> [ASSIGNMENT]: Leave out the images and return all the data word for word.

[[ MATERIAL PROVIDED open ]]

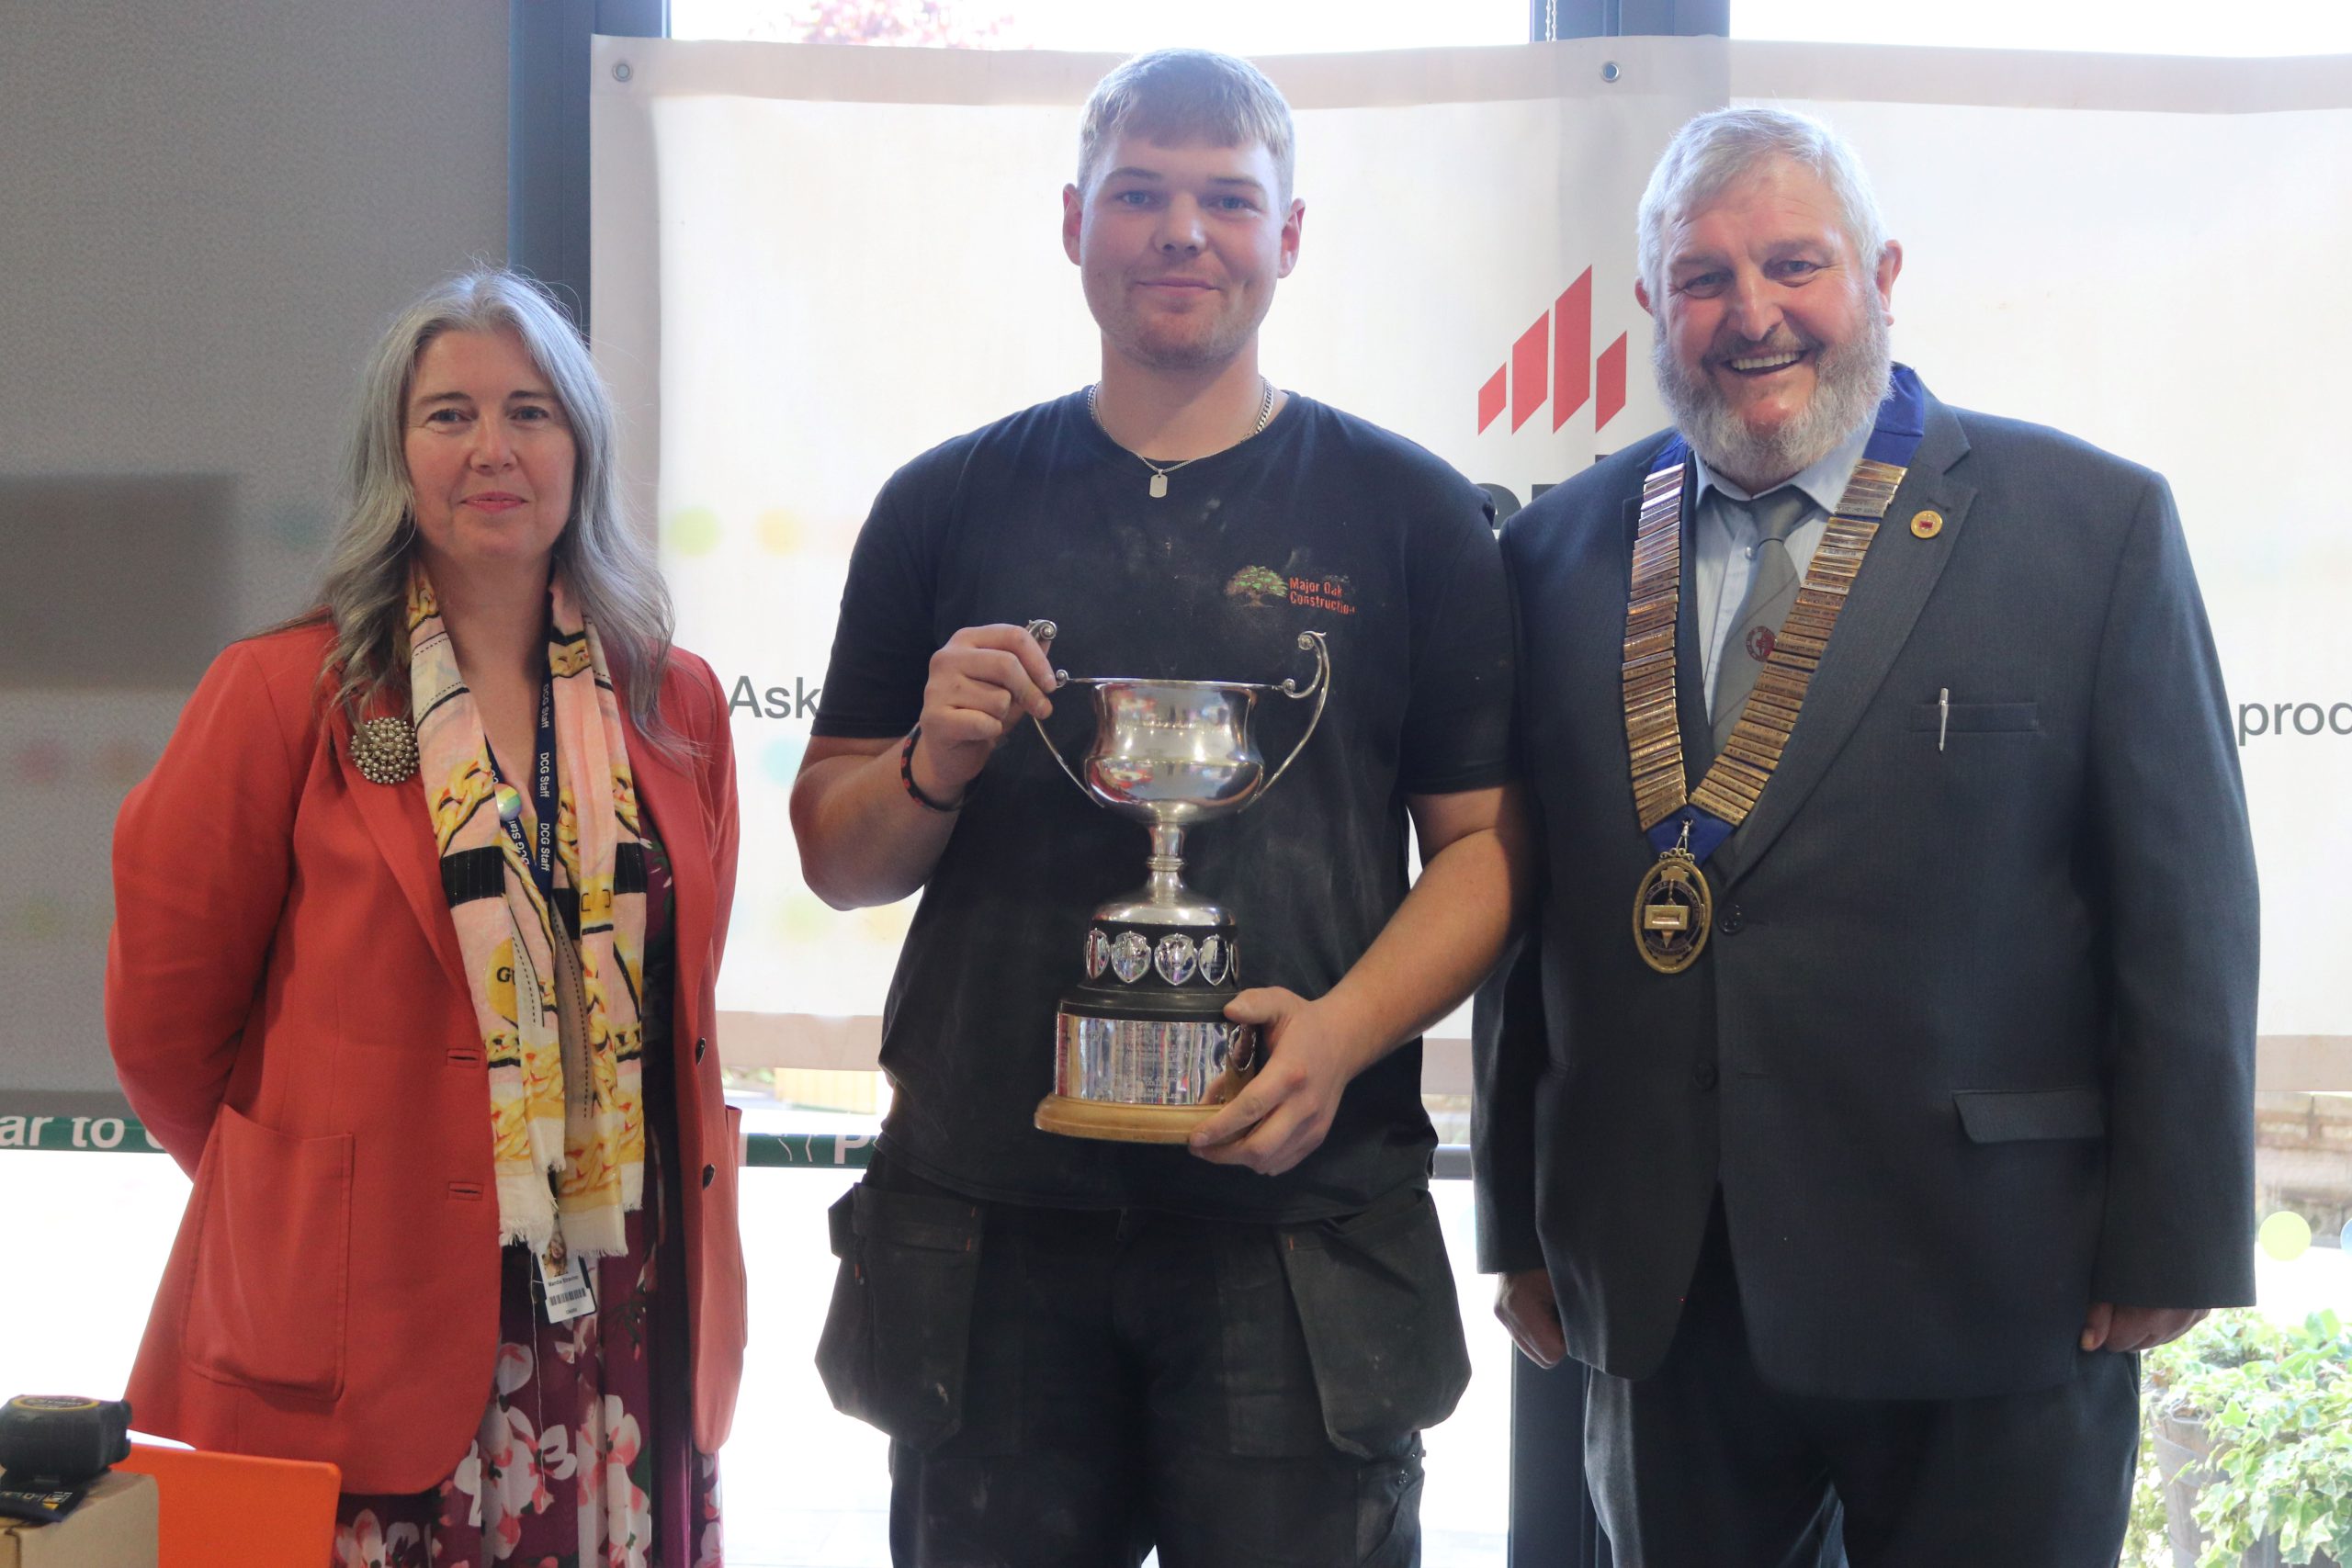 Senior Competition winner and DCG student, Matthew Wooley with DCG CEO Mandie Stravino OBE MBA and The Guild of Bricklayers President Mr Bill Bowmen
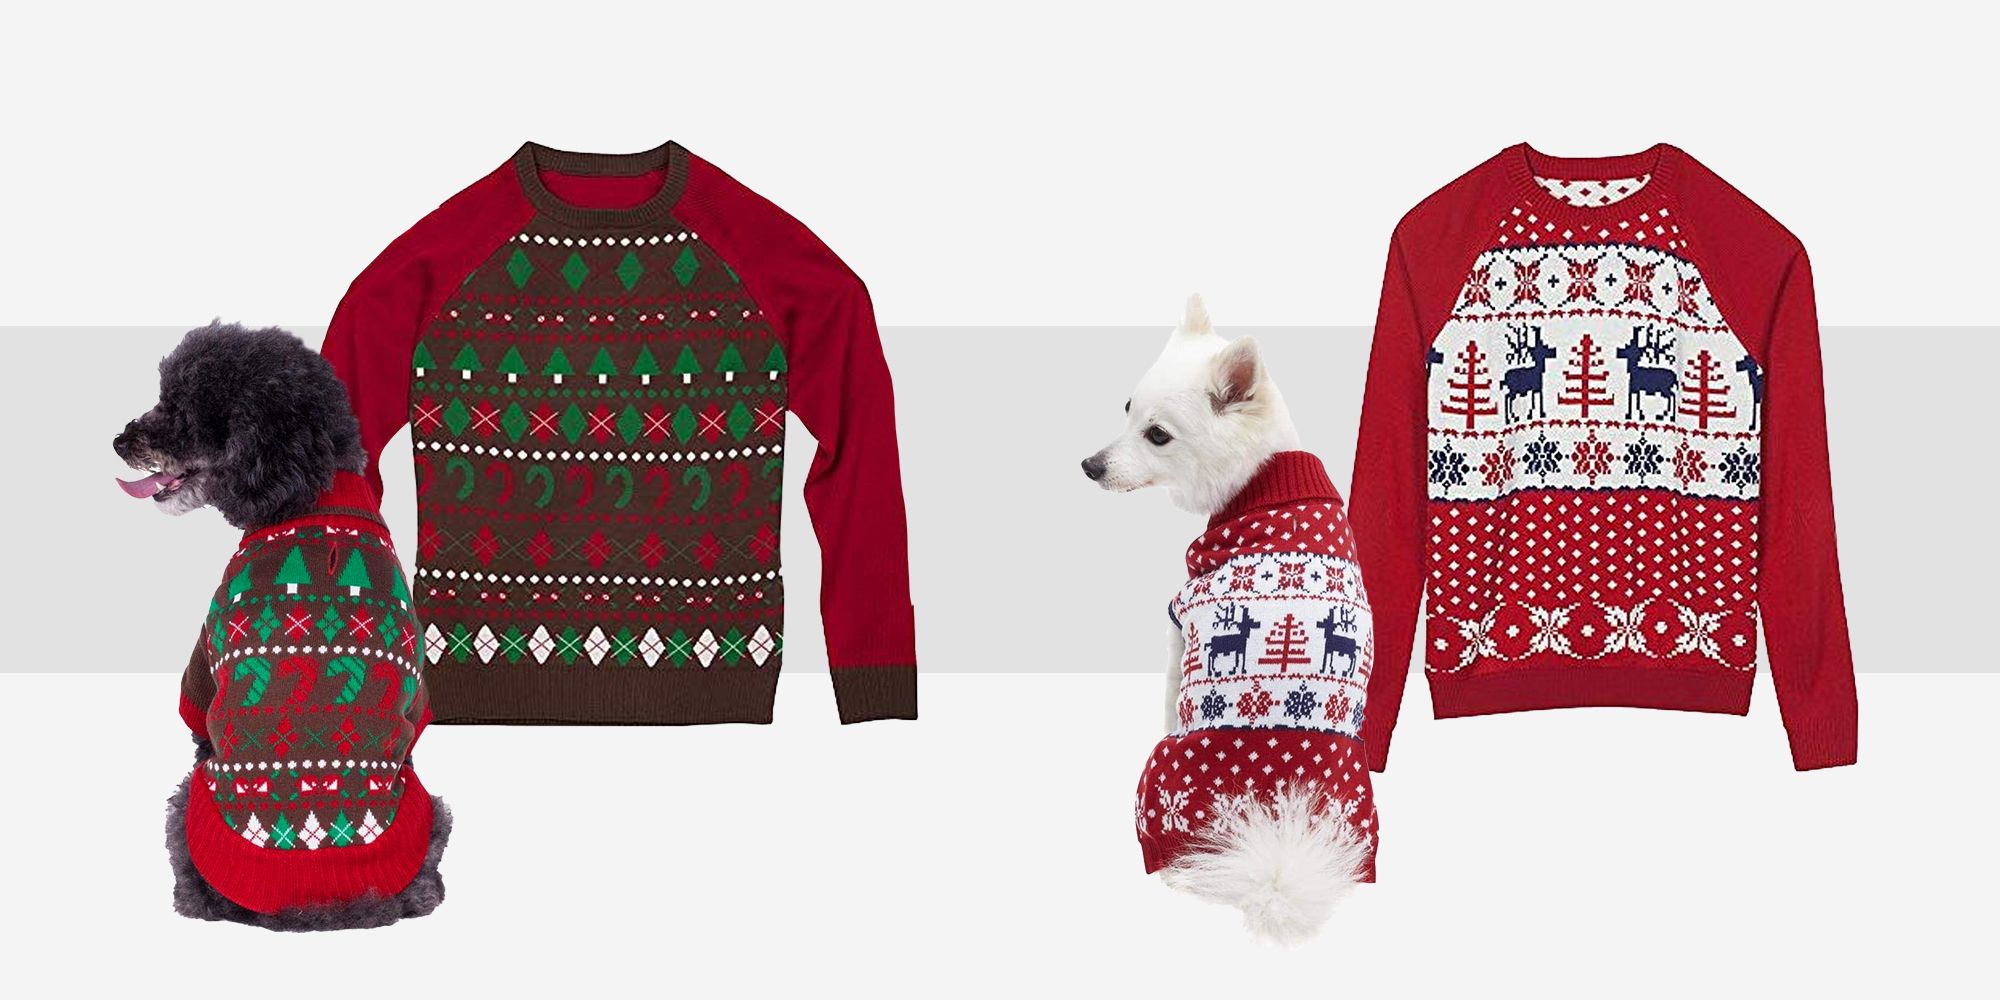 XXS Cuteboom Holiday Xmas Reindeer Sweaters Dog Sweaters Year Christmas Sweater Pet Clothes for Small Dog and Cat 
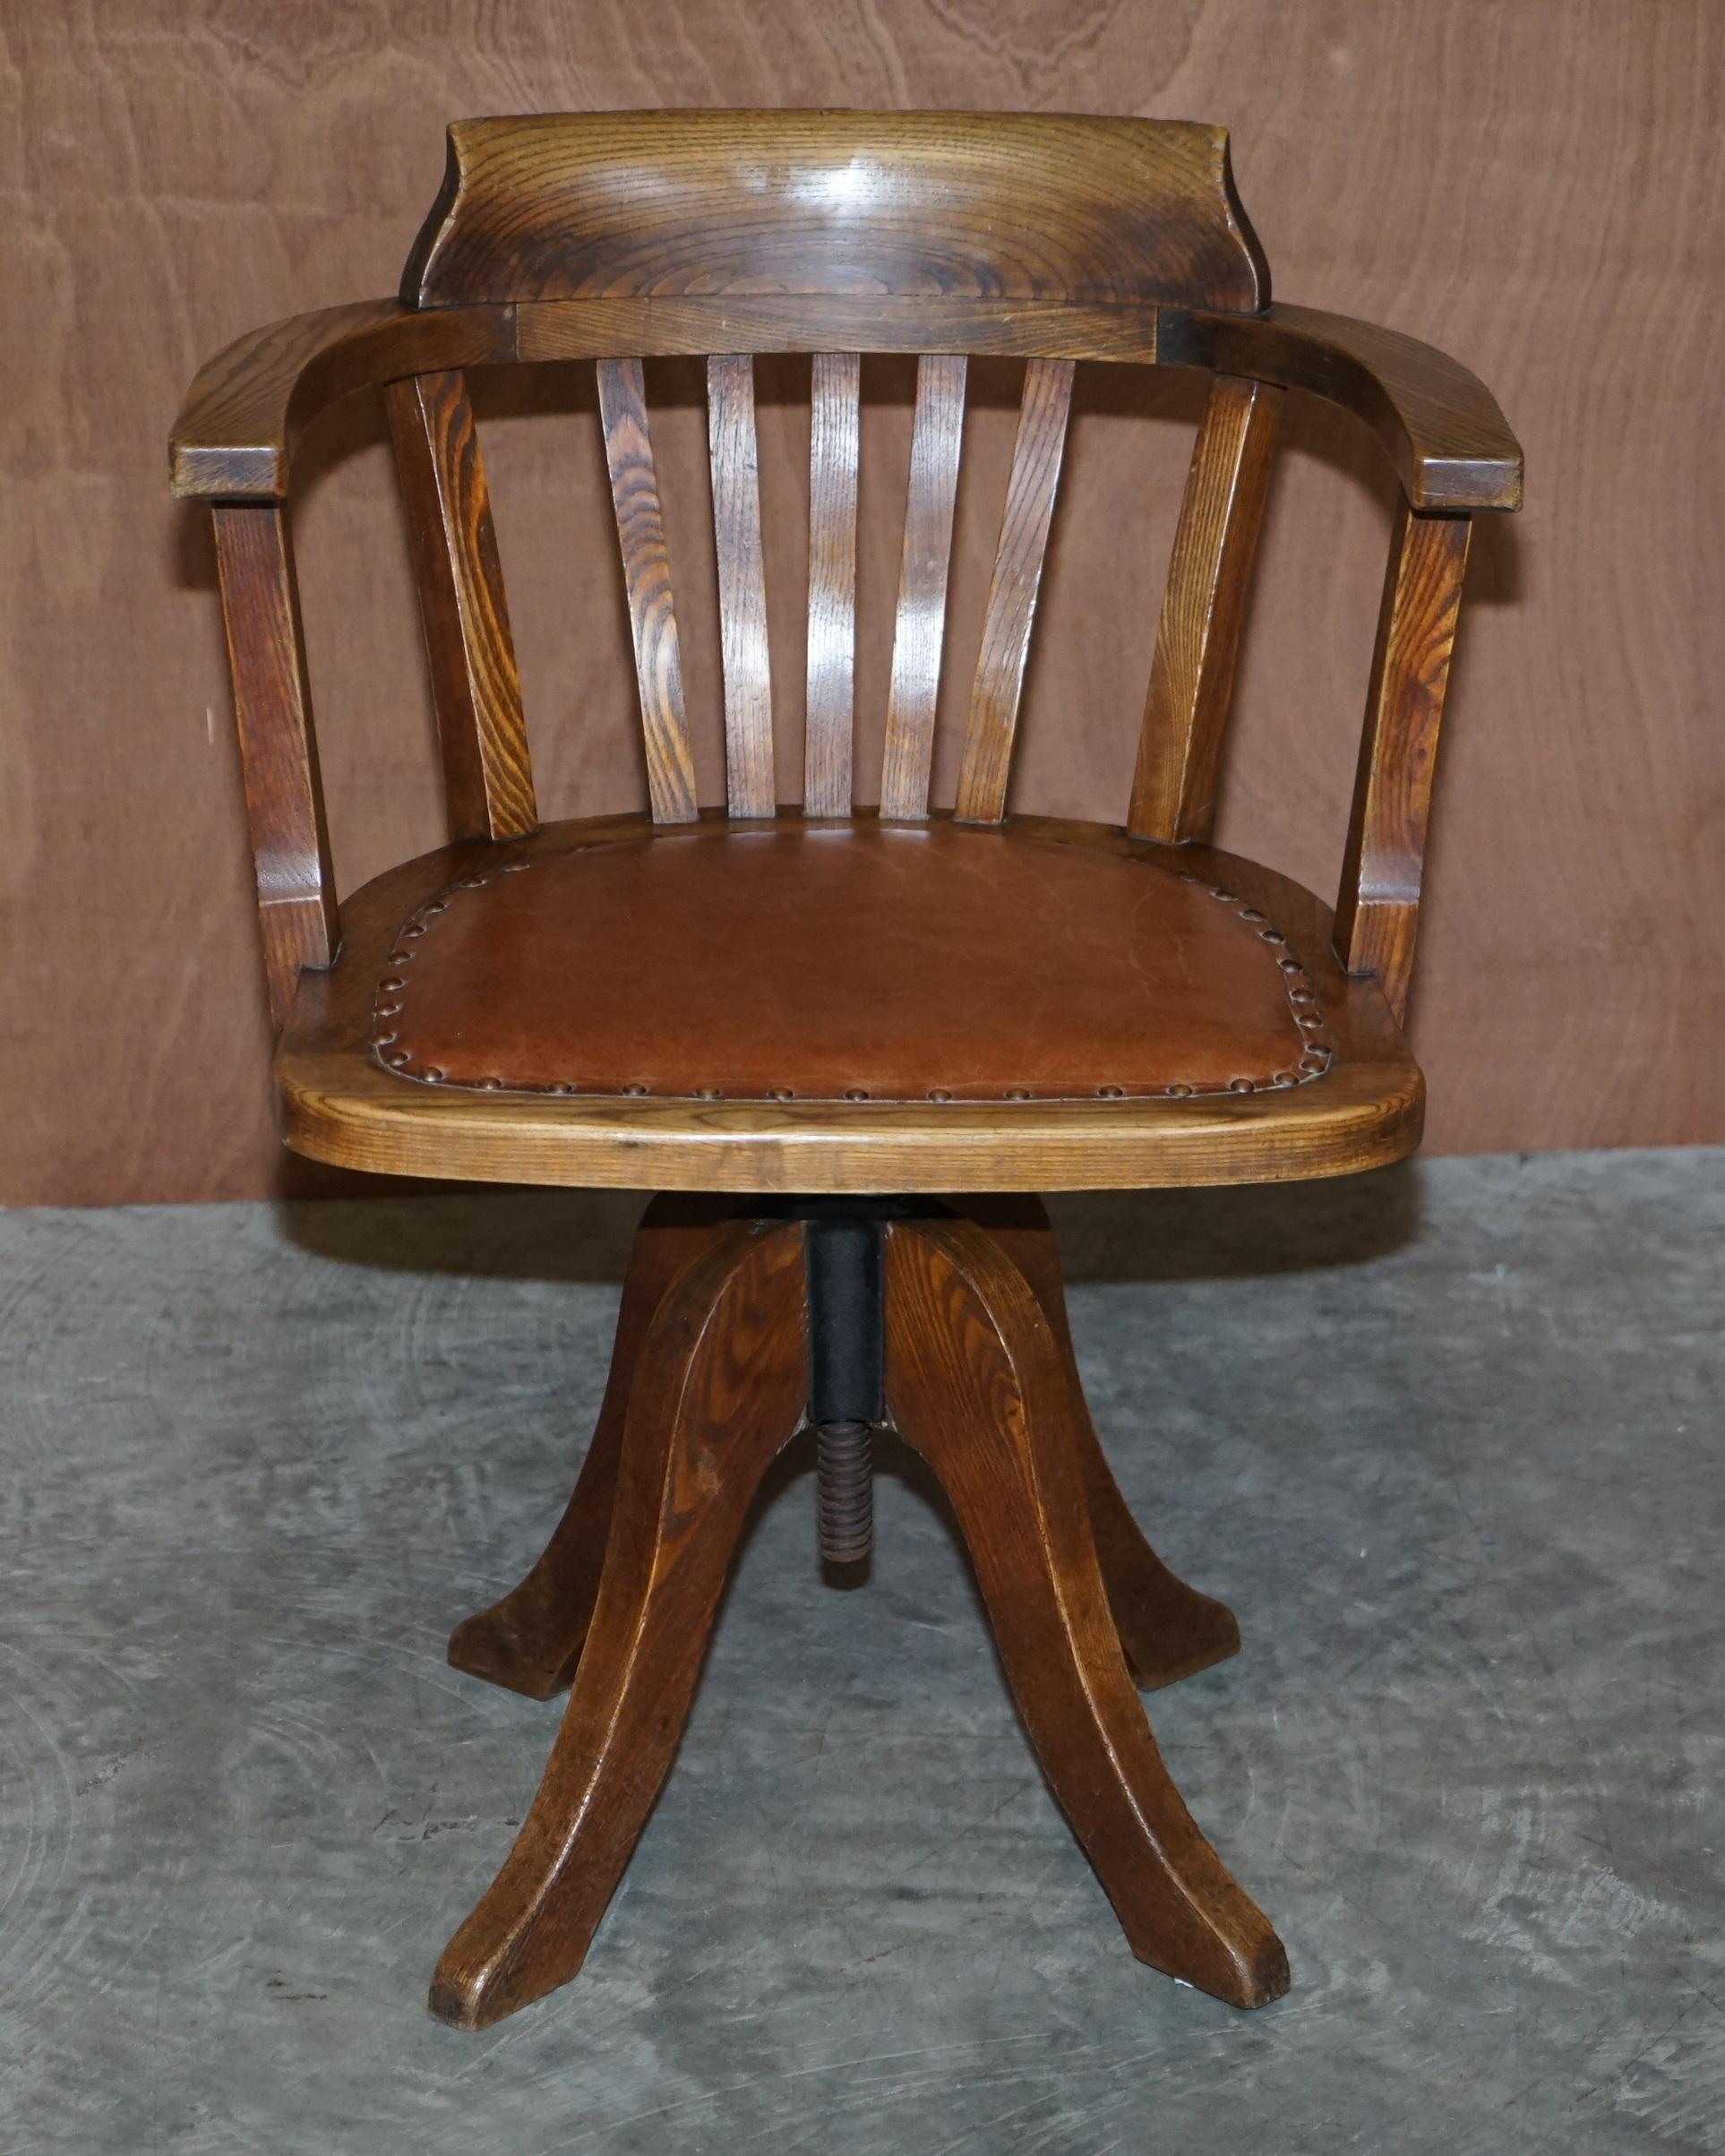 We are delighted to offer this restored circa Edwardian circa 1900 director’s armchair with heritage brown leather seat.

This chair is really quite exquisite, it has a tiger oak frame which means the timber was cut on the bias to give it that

[[ MATERIAL PROVIDED closed ]]

> [YOUR RESPONSE]:
 Senior Competition winner and DCG student, Matthew Wooley with DCG CEO Mandie Stravino OBE MBA and The Guild of Bricklayers President Mr Bill Bowmen
 XXS Cuteboom Holiday Xmas Reindeer Sweaters Dog Sweaters Year Christmas Sweater Pet Clothes for Small Dog and Cat 
 We are delighted to offer this restored circa Edwardian circa 1900 director’s armchair with heritage brown leather seat.

This chair is really quite exquisite, it has a tiger oak frame which means the timber was cut on the bias to give it that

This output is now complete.